Currently, most institutes use conventional imaging modalities such as CT and endoscopy with or without endoscopic ultrasound for the detection of recurrent esophageal cancer. However, the interpretation of these imaging techniques after prior treatment is difficult because of local anatomic changes caused by surgery (9). In addition, distant recurrent esophageal cancer may be radiologic occult on CT or may occur in unusual and unexpected locations outside the conventional field coverage of CT (10).
Whole-body 18F-FDG PET and integrated 18F-FDG PET/CT have emerged as useful adjuncts to conventional staging modalities in the pretreatment staging of esophageal cancer. In particular, baseline 18F-FDG PET/CT has gained ground by outperforming CT alone in the detection of unexpected distant metastases (11). Accordingly, 18F-FDG PET or PET/CT may also be a useful method for detecting recurrent disease in the postoperative follow-up of esophageal cancer patients because recurrences tend to occur predominantly at distant sites (7). In the past years, several studies have been published on the utility of 18F-FDG PET or PET/CT in the detection of esophageal cancer recurrence. However, it is difficult to draw conclusions based on the individual studies because methodologic quality may vary, sample sizes are generally small, and differences in study design and patient populations may cause heterogeneity in reported outcomes.
To critically appraise and potentially overcome shortcomings of individual studies, the aim of this study was to systematically review and meta-analyze the diagnostic performance of 18F-FDG PET and PET/CT for diagnosing recurrent esophageal cancer after initial treatment with curative intent.
MATERIALS AND METHODS
The study protocol has been registered in the PROSPERO international prospective register of systematic reviews and is accessible at http://www.crd.york.ac.uk/prospero/ (registration no., CRD42014009615).
Search Strategy
On the December 16, 2014, a systematic search was performed in the databases Medline (via PubMed), Embase, and the Cochrane library. The full search strategy is presented in Table 1.
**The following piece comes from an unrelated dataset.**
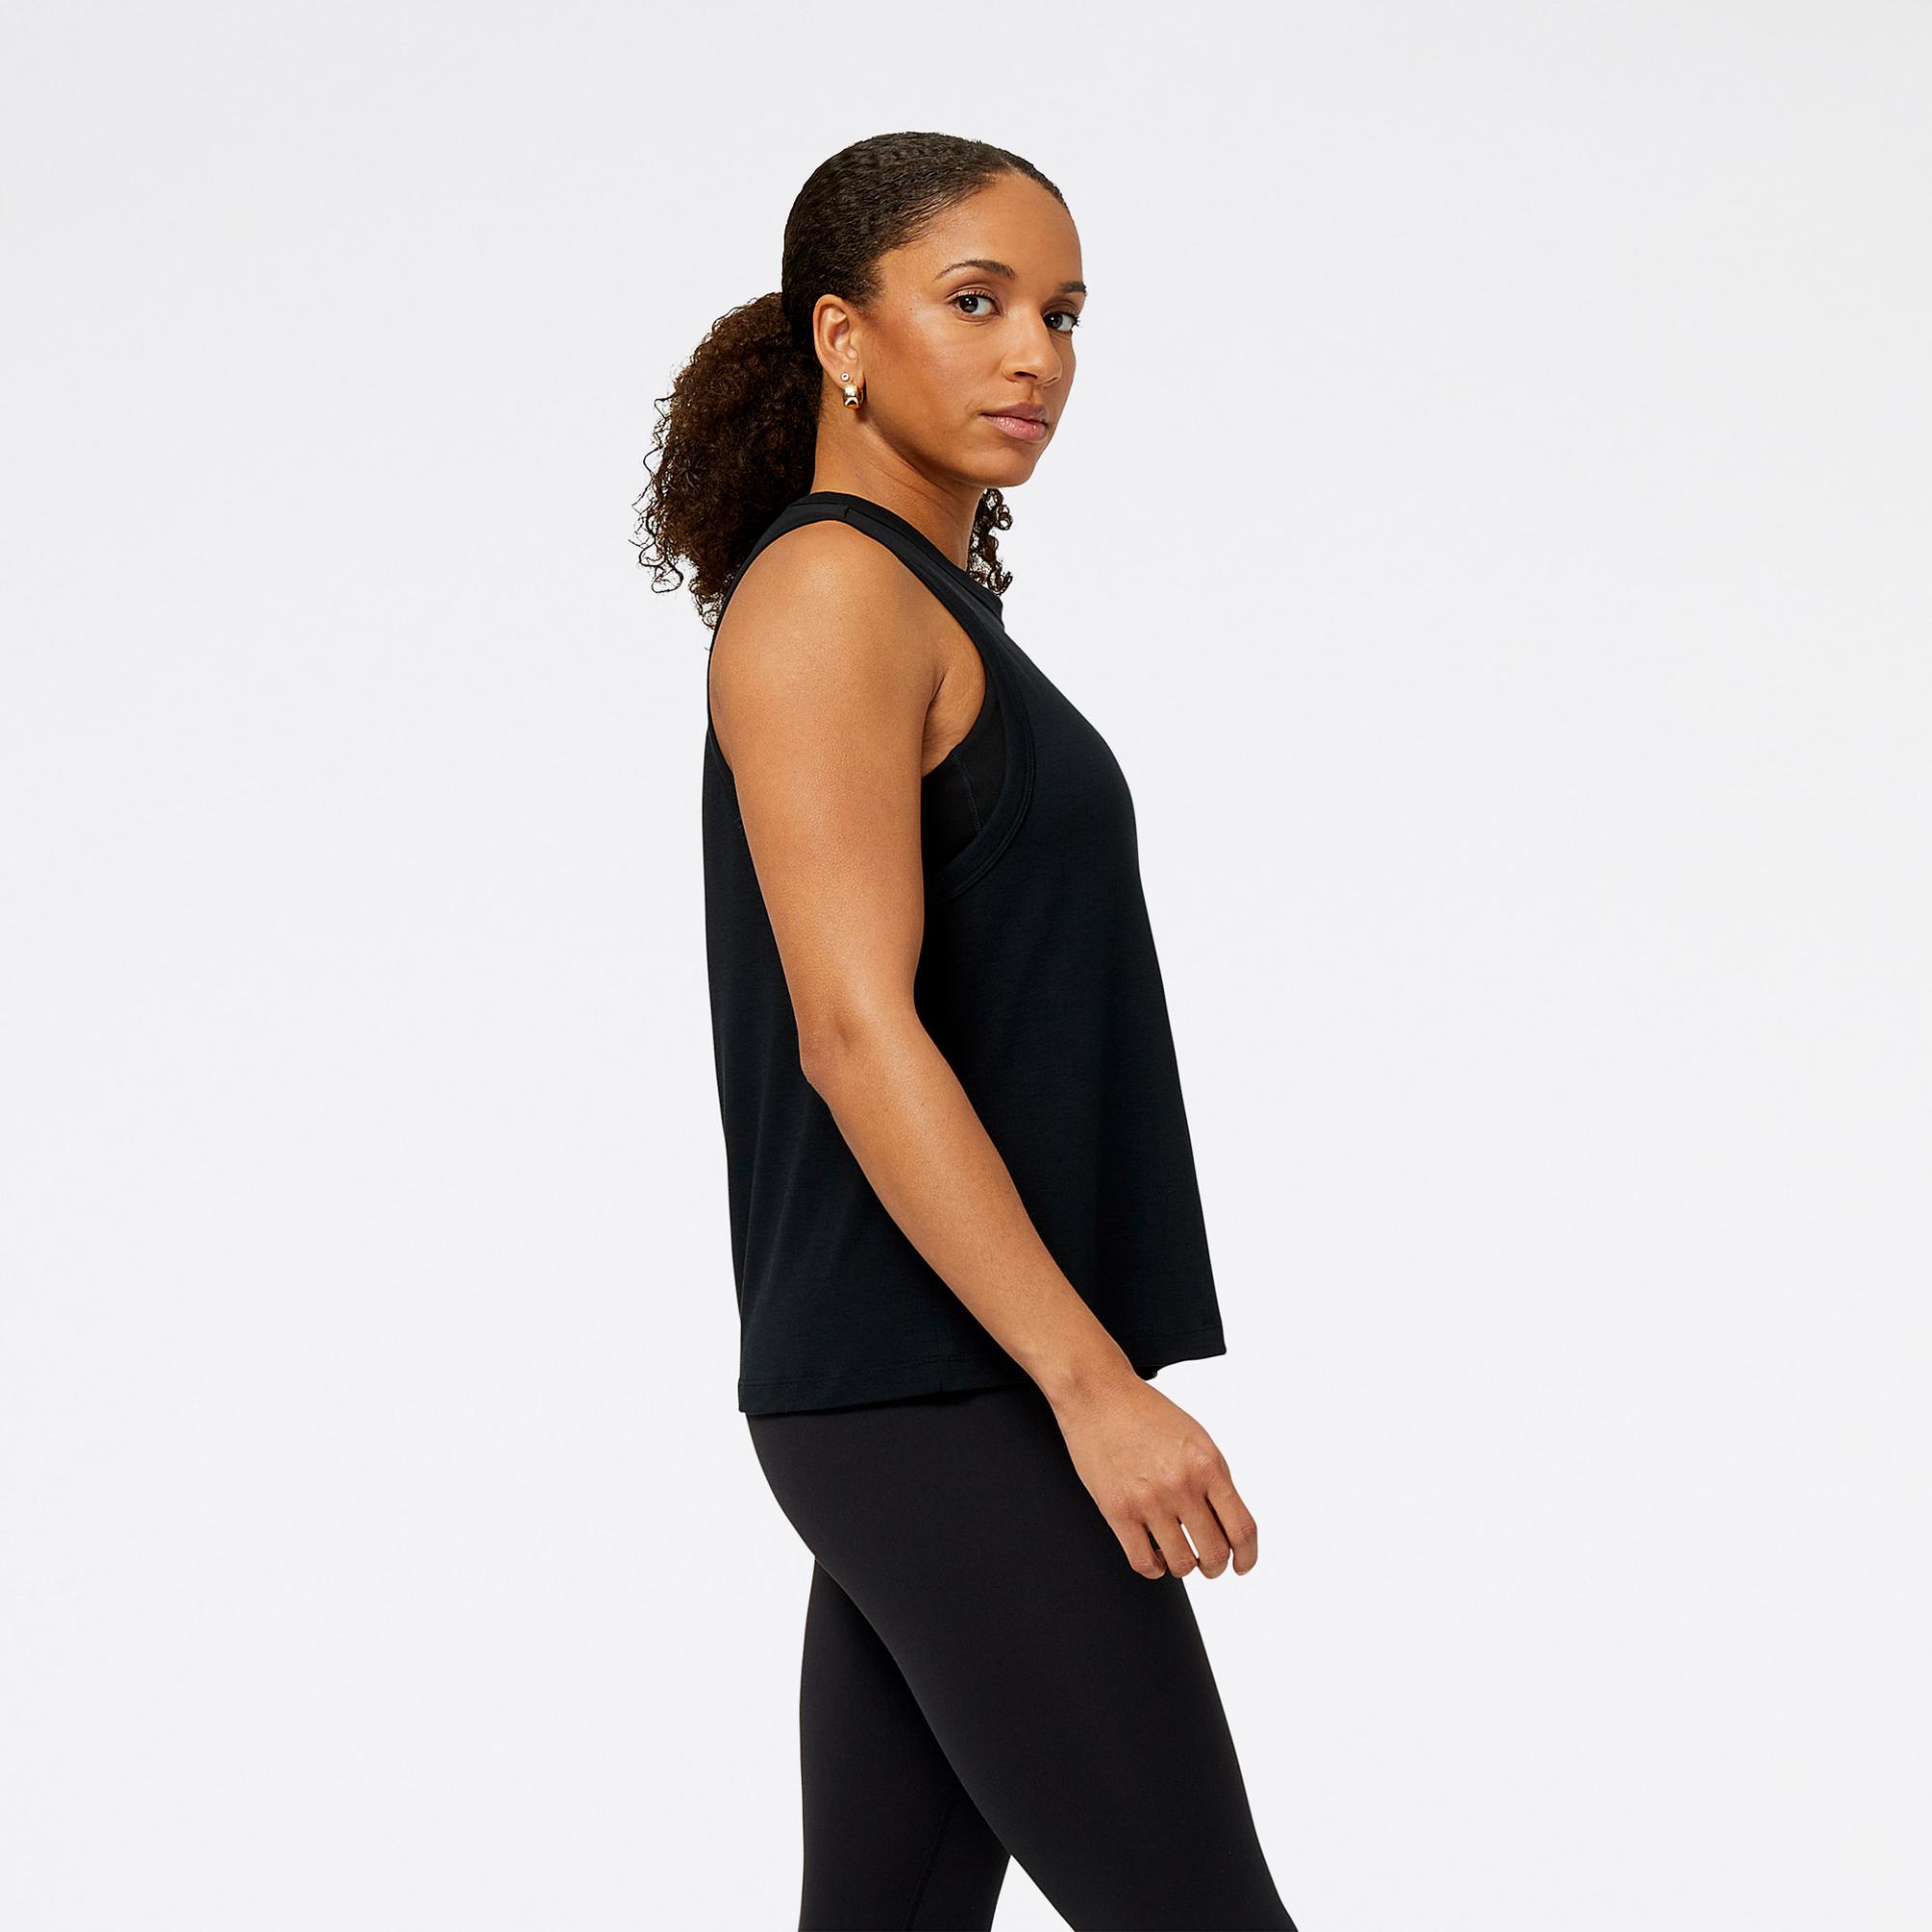  New Balance Achiever Kadın Siyah Atlet

Full Text of Search Strategy and Results as of December 16, 2014
Study Selection
After duplicates of the retrieved articles were removed, titles and abstracts were screened for eligibility by 2 authors independently. The full text of potentially relevant articles was retrieved and independently assessed by 2 authors for inclusion.
Studies examining the test accuracy of 18F-FDG PET or integrated 18F-FDG PET/CT, either in routine clinical follow-up with a fixed time interval irrespective of physical complaints or in symptomatic patients in whom recurrence of esophageal cancer was suspected, were deemed eligible for inclusion. Only studies that included patients who were previously treated with curative intent for esophageal cancer and that reported on the diagnostic accuracy of 18F-FDG PET or PET/CT for the detection of disease recurrence were included. Treatment with curative intent should have had at least included surgery, either or not combined with neoadjuvant chemoradiotherapy. The reference standard was recurrent esophageal cancer as confirmed by histopathologic biopsy or clinical follow-up.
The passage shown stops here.